# BRIEF:
Your output consists solely of the lines from the one that contains "The Osirium Privileged" to the end of the material, each reproduced exactly; pictures do not belong in it.

# GIVEN INFORMATION:

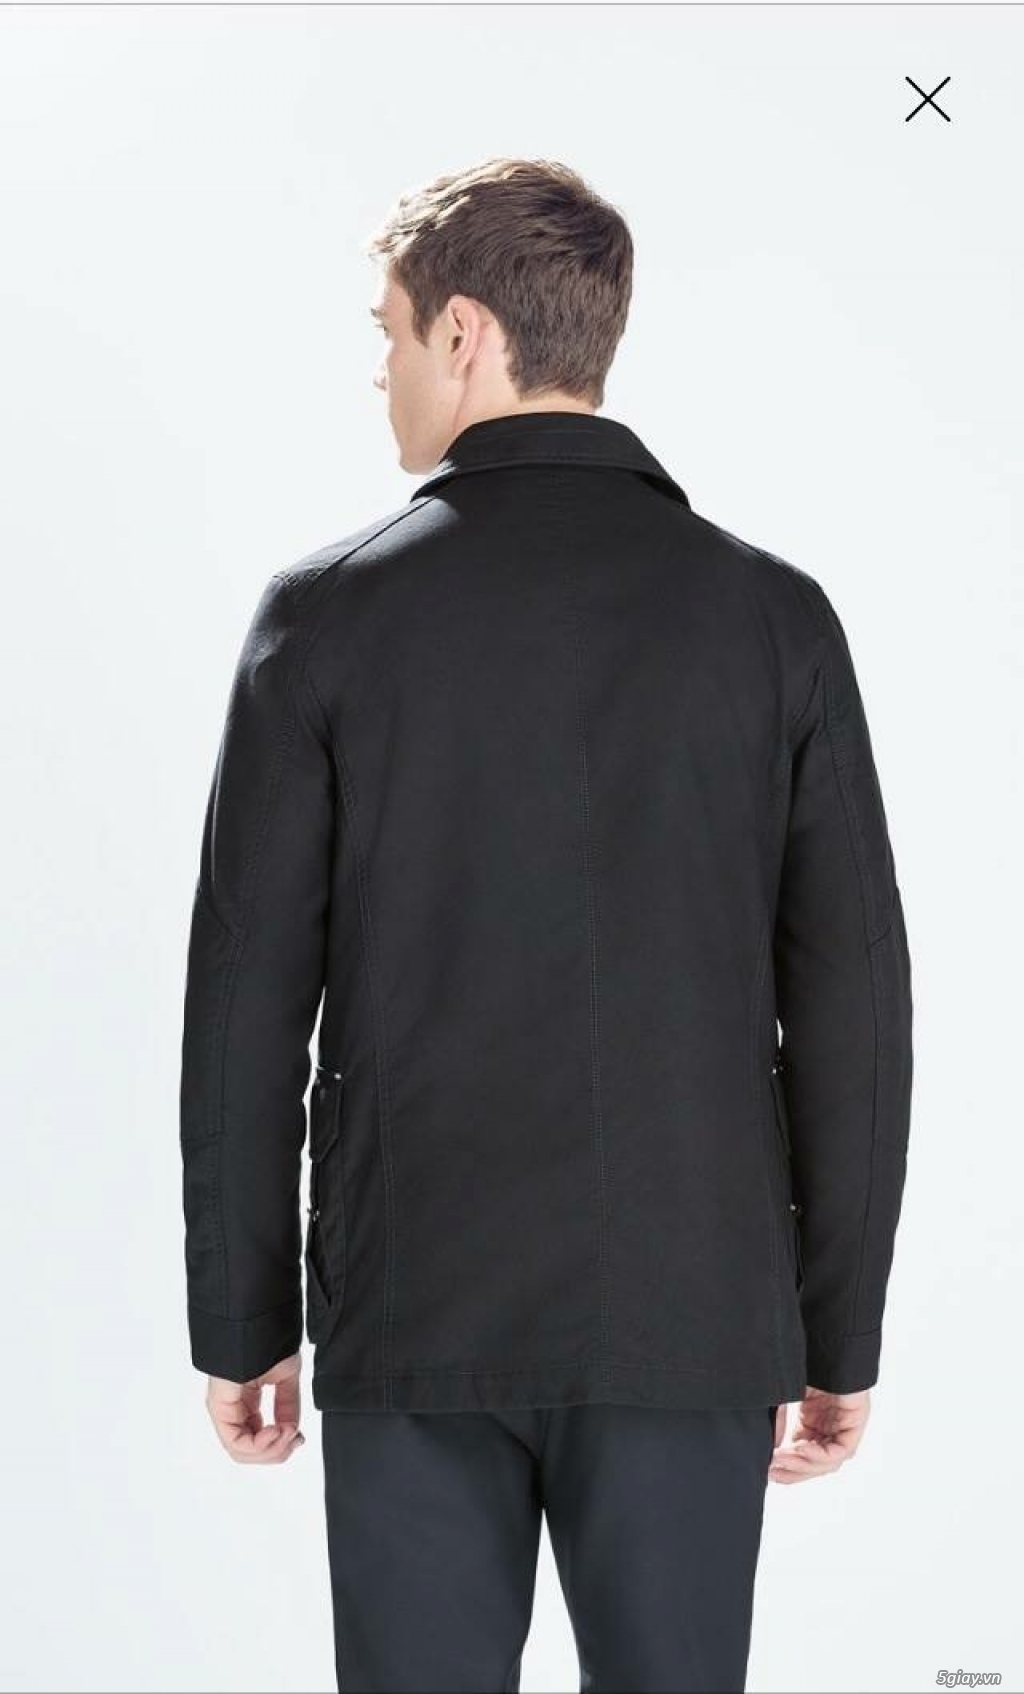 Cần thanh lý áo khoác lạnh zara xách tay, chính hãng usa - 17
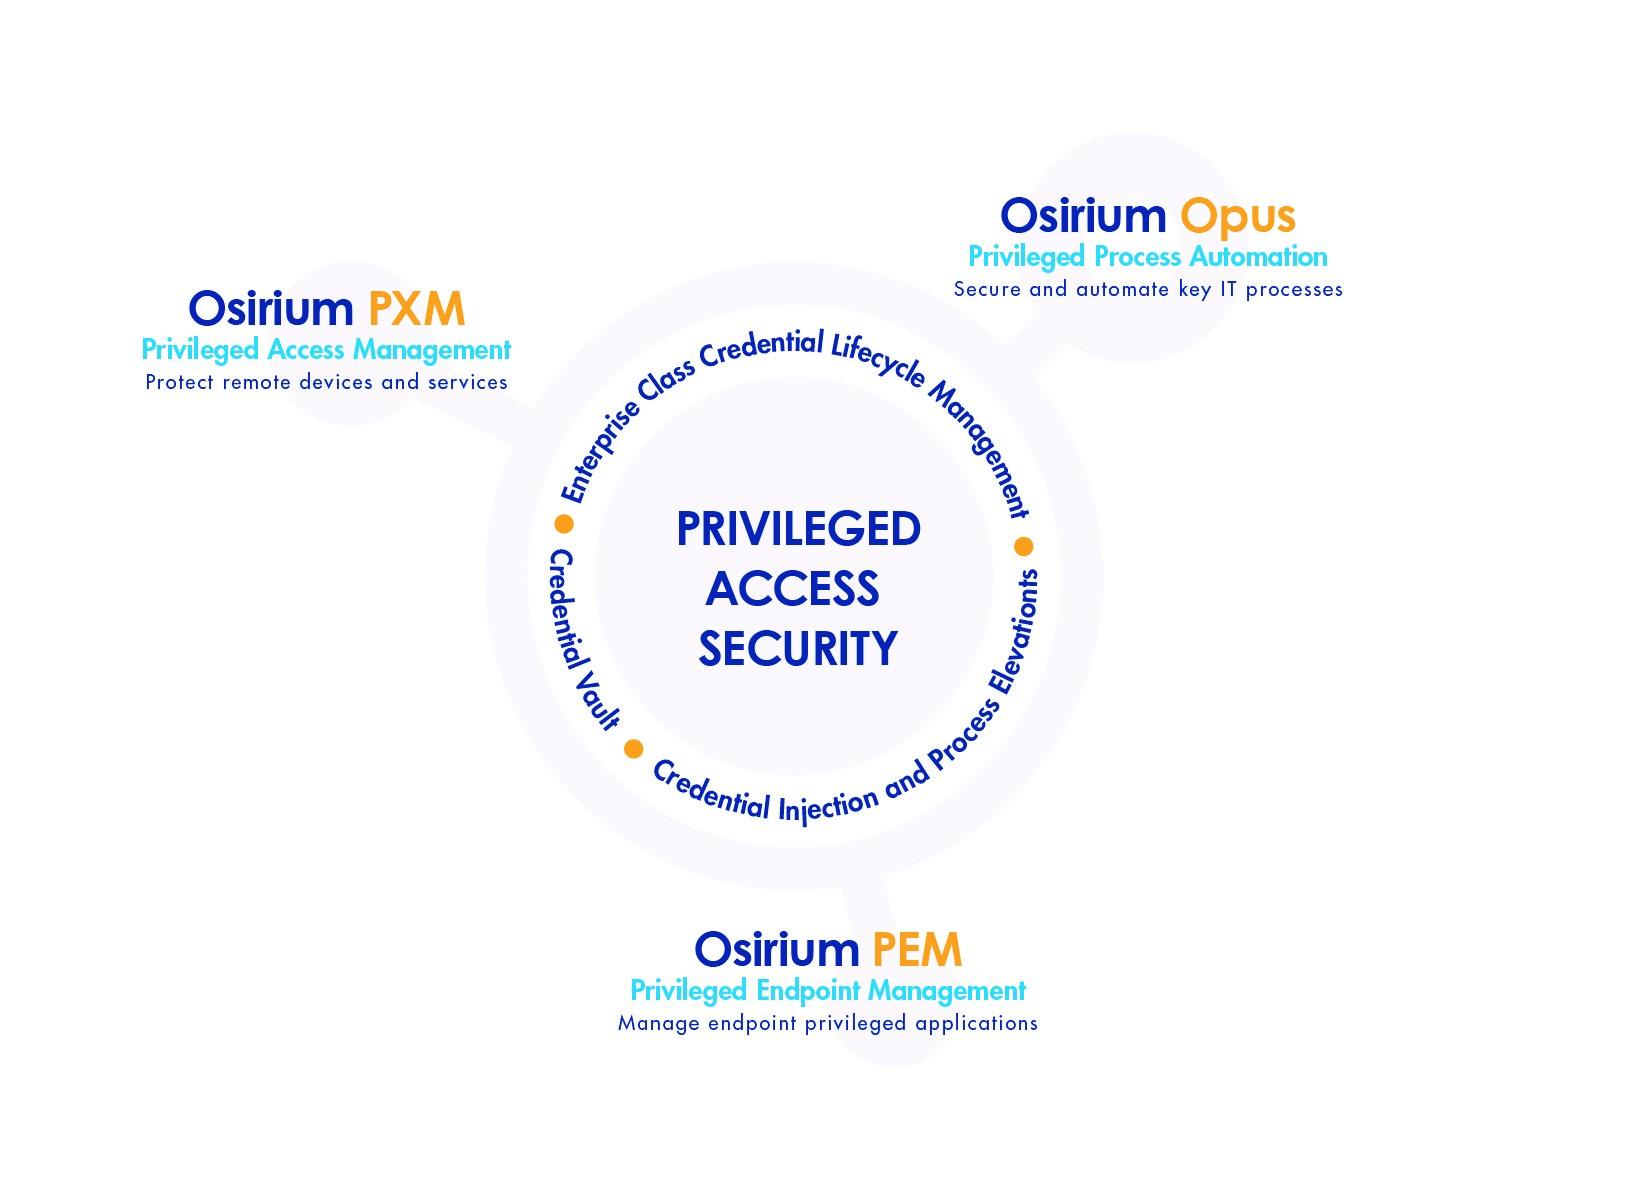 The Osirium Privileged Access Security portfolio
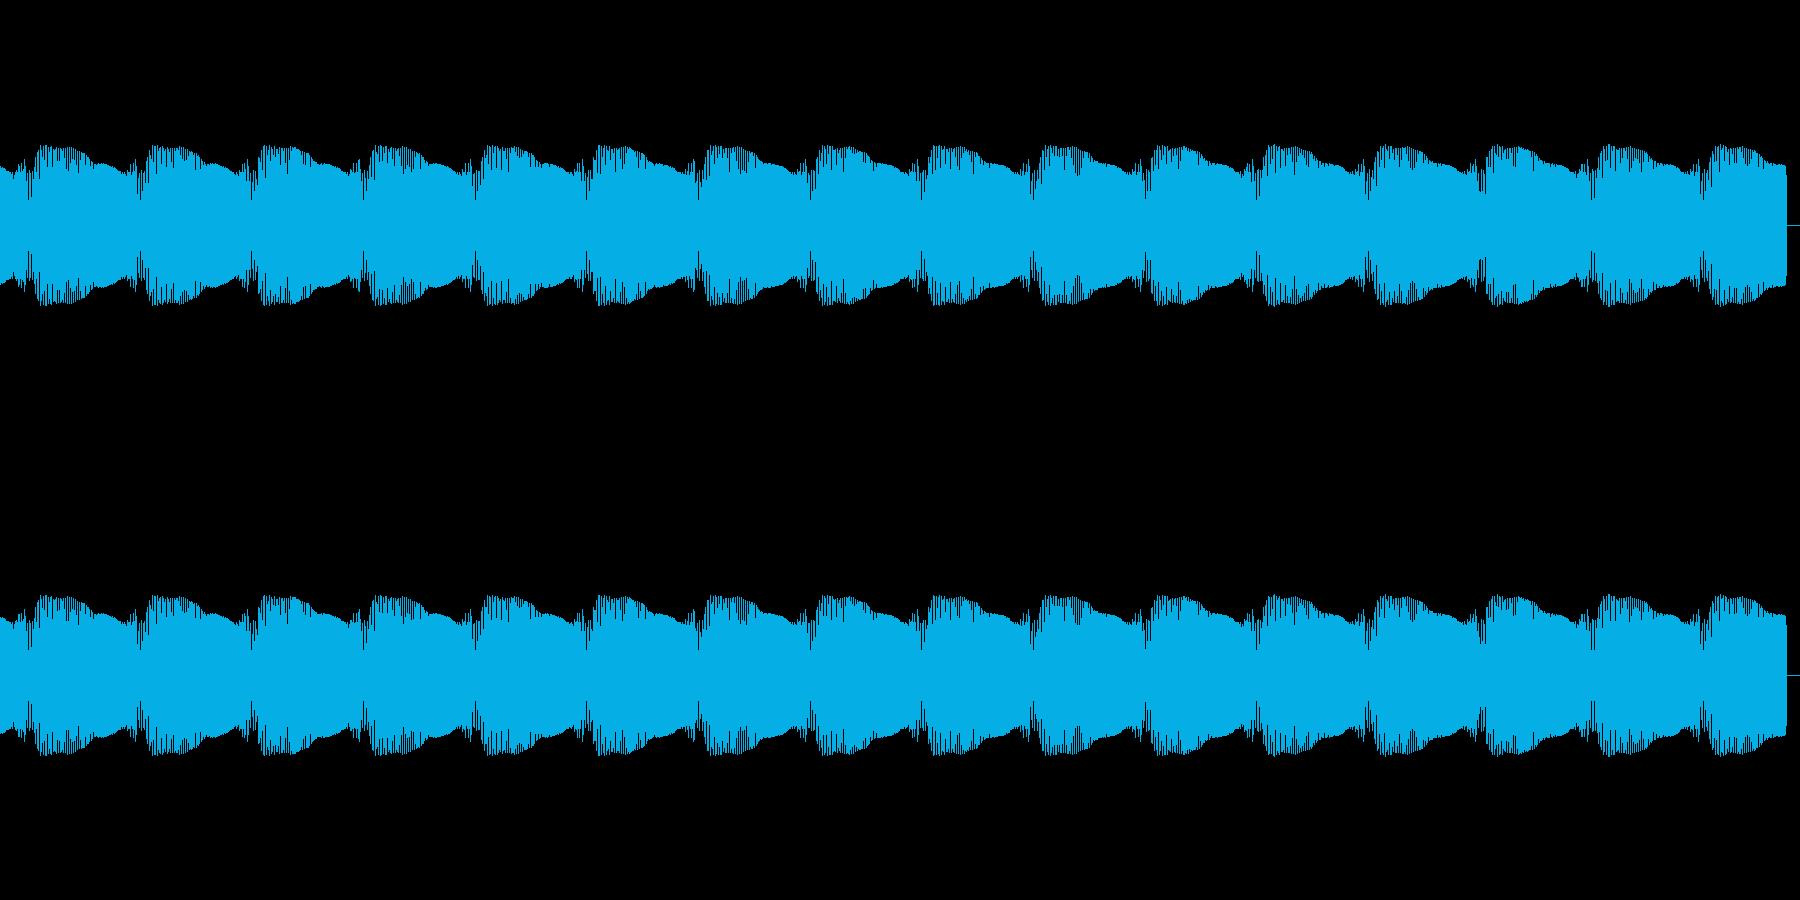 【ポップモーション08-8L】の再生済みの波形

# TASK RESPONSE:
 The Osirium Privileged Access Security portfolio
 【ポップモーション08-8L】の再生済みの波形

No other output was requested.